After consuming the last visible record, ringbuf_process_ring()
publishes the consumer position and checks the producer position. These
operations lack a full StoreLoad barrier. A producer can therefore
commit a new record but read the old consumer position while the
consumer reads the old producer position. The producer sends no
notification and the consumer waits despite a queued record.

Insert a full barrier before checking for new data, ensuring that either
the consumer observes the producer update or the producer observes the
consumer update and sends a notification. Apply the same handshake when
a busy record follows records whose consumer position was published.

Add an edge-triggered epoll test with a concurrent producer. Without the
barrier, a missed notification leaves the producer dropping records from
a full ring while the consumer times out. Document that bounded
consumers and callbacks that terminate consumption must drain before
waiting again.

Fixes: bf99c936f947 ("libbpf: Add BPF ring buffer support")
Reported-by: Andrew Werner <awerner32@gmail.com>
Assisted-by: Codex:gpt-5.5
Signed-off-by: Tamir Duberstein <tamird@kernel.org>
---
 tools/lib/bpf/libbpf.h                           | 22 +++++++
 tools/lib/bpf/ringbuf.c                          | 14 +++-
 tools/testing/selftests/bpf/prog_tests/ringbuf.c | 84 ++++++++++++++++++++++++
 3 files changed, 117 insertions(+), 3 deletions(-)
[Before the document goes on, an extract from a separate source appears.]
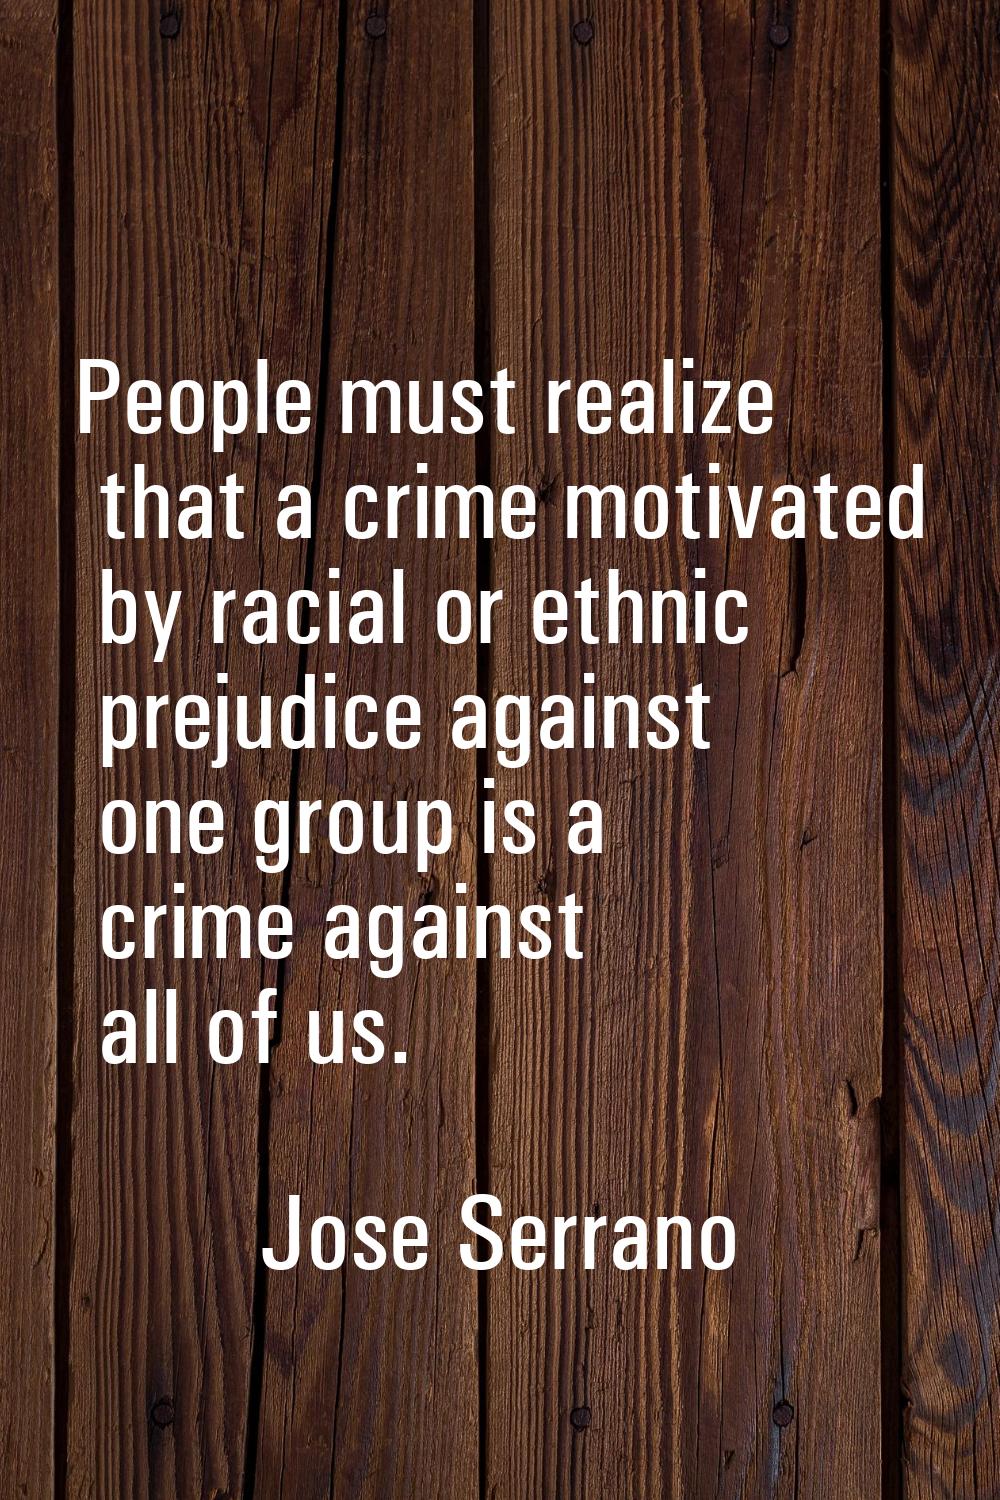 People must realize that a crime motivated by racial or ethnic prejudice against one group is a cri

diff --git a/tools/lib/bpf/libbpf.h b/tools/lib/bpf/libbpf.h
index 9ba6b9ad3498..a3b8f606a91d 100644
--- a/tools/lib/bpf/libbpf.h
+++ b/tools/lib/bpf/libbpf.h
@@ -1439,6 +1439,10 @@ struct ring_buffer;
 struct ring;
 struct user_ring_buffer;
 
+/* A negative return stops consumption; non-negative values continue. Stopping
+ * can leave records queued without a new readiness notification. Before
+ * waiting for readiness again, consume until no records remain.
+ */
 typedef int (*ring_buffer_sample_fn)(void *ctx, void *data, size_t size);
 
 struct ring_buffer_opts {
@@ -1455,6 +1459,20 @@ LIBBPF_API int ring_buffer__add(struct ring_buffer *rb, int map_fd,
 				ring_buffer_sample_fn sample_cb, void *ctx);
 LIBBPF_API int ring_buffer__poll(struct ring_buffer *rb, int timeout_ms);
 LIBBPF_API int ring_buffer__consume(struct ring_buffer *rb);
+
+/**
+ * @brief **ring_buffer__consume_n()** consumes up to a requested number of
+ * records from a ring buffer manager without event polling.
+ *
+ * @param rb A ring buffer manager object.
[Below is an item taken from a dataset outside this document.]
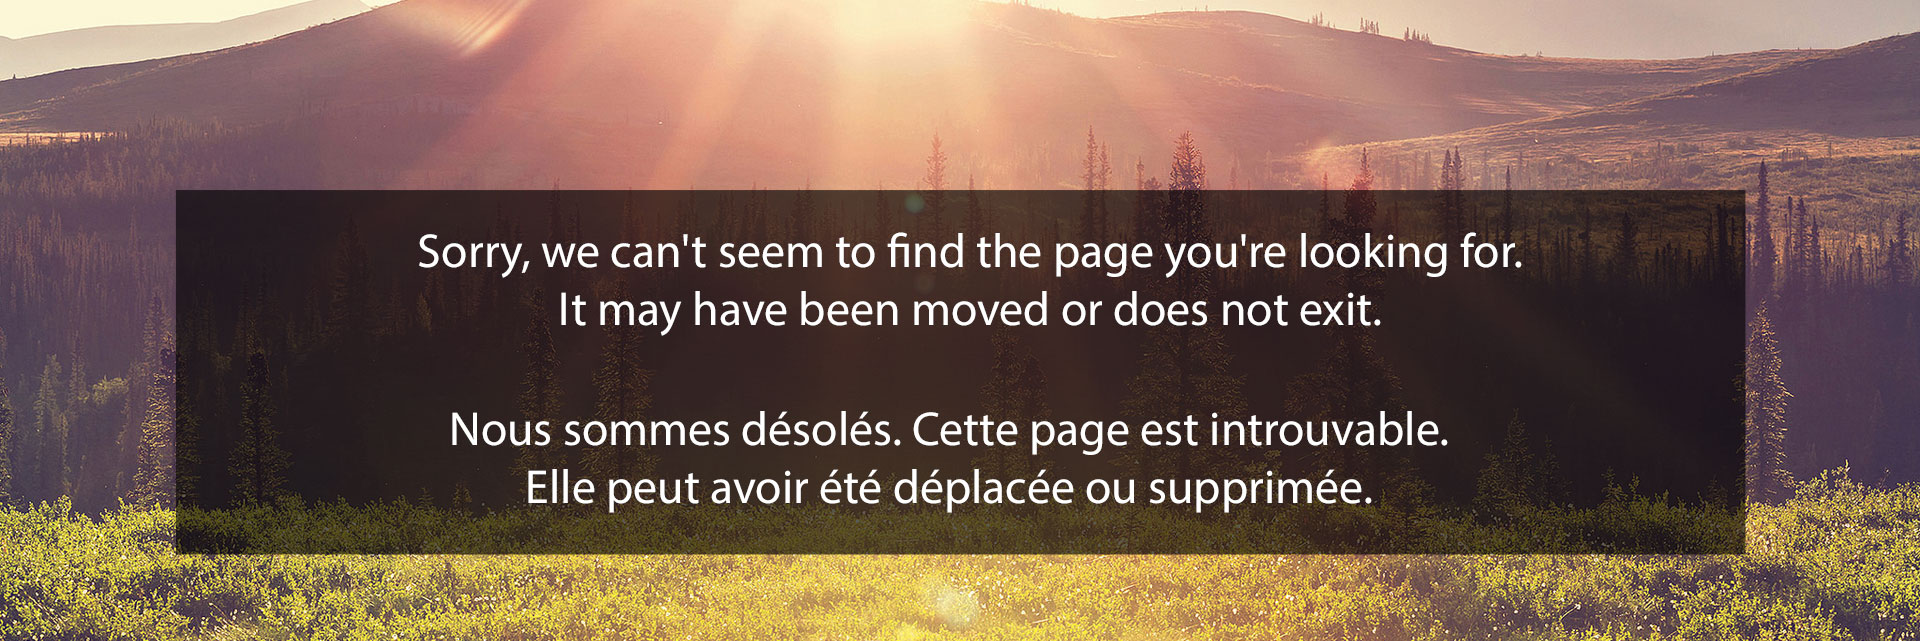 Sorry, we can't seem to find the page you're looking for. It may have been moved or does not exit.

+ * @param n Maximum number of records to consume.
+ * @return The number of records consumed, or a negative error code on failure.
+ *
+ * Reaching the requested bound does not establish that every ring is empty.
+ * Records can remain queued without a new readiness notification. Before
+ * waiting on ring_buffer__epoll_fd(), call ring_buffer__consume() until it
+ * returns 0.
+ */
 LIBBPF_API int ring_buffer__consume_n(struct ring_buffer *rb, size_t n);
 LIBBPF_API int ring_buffer__epoll_fd(const struct ring_buffer *rb);
 
@@ -1537,6 +1555,10 @@ LIBBPF_API int ring__consume(struct ring *r);
  * @param r A ringbuffer object.
  * @param n Maximum number of records to consume.
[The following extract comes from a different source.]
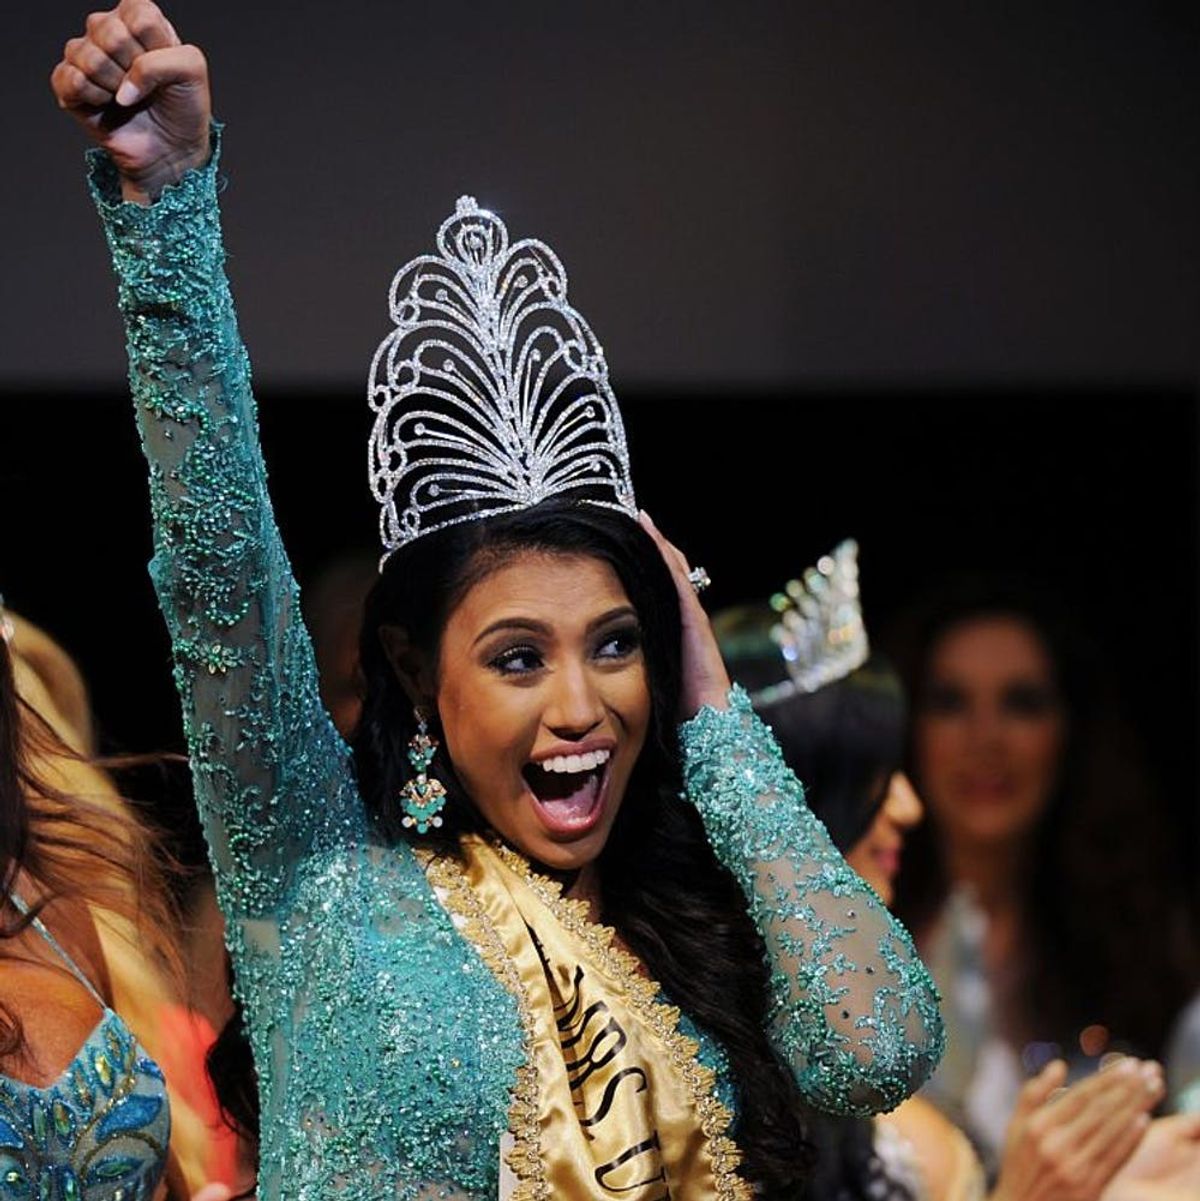 This Pageant Queen Uses Her Platform to Fight for Indigenous Rights

  * @return The number of records consumed, or a negative error code on failure.
+ *
+ * Reaching the requested bound does not establish that the ring is empty.
+ * Records can remain queued without a new readiness notification. Before
+ * waiting on ring__map_fd(), call ring__consume() until it returns 0.
  */
 LIBBPF_API int ring__consume_n(struct ring *r, size_t n);
 
diff --git a/tools/lib/bpf/ringbuf.c b/tools/lib/bpf/ringbuf.c
index 1c24a83f59d5..ea8909fec4e9 100644
--- a/tools/lib/bpf/ringbuf.c
+++ b/tools/lib/bpf/ringbuf.c
@@ -255,7 +255,7 @@ static int64_t ringbuf_process_ring(struct ring *r, size_t n)
 	/* 64-bit to avoid overflow in case of extreme application behavior */
 	int64_t cnt = 0;
 	unsigned long cons_pos, prod_pos;
-	bool got_new_data;
+	bool got_new_data, needs_wakeup = false;
 	void *sample;
 
 	err = ringbuf_validate(r);
@@ -267,14 +267,21 @@ static int64_t ringbuf_process_ring(struct ring *r, size_t n)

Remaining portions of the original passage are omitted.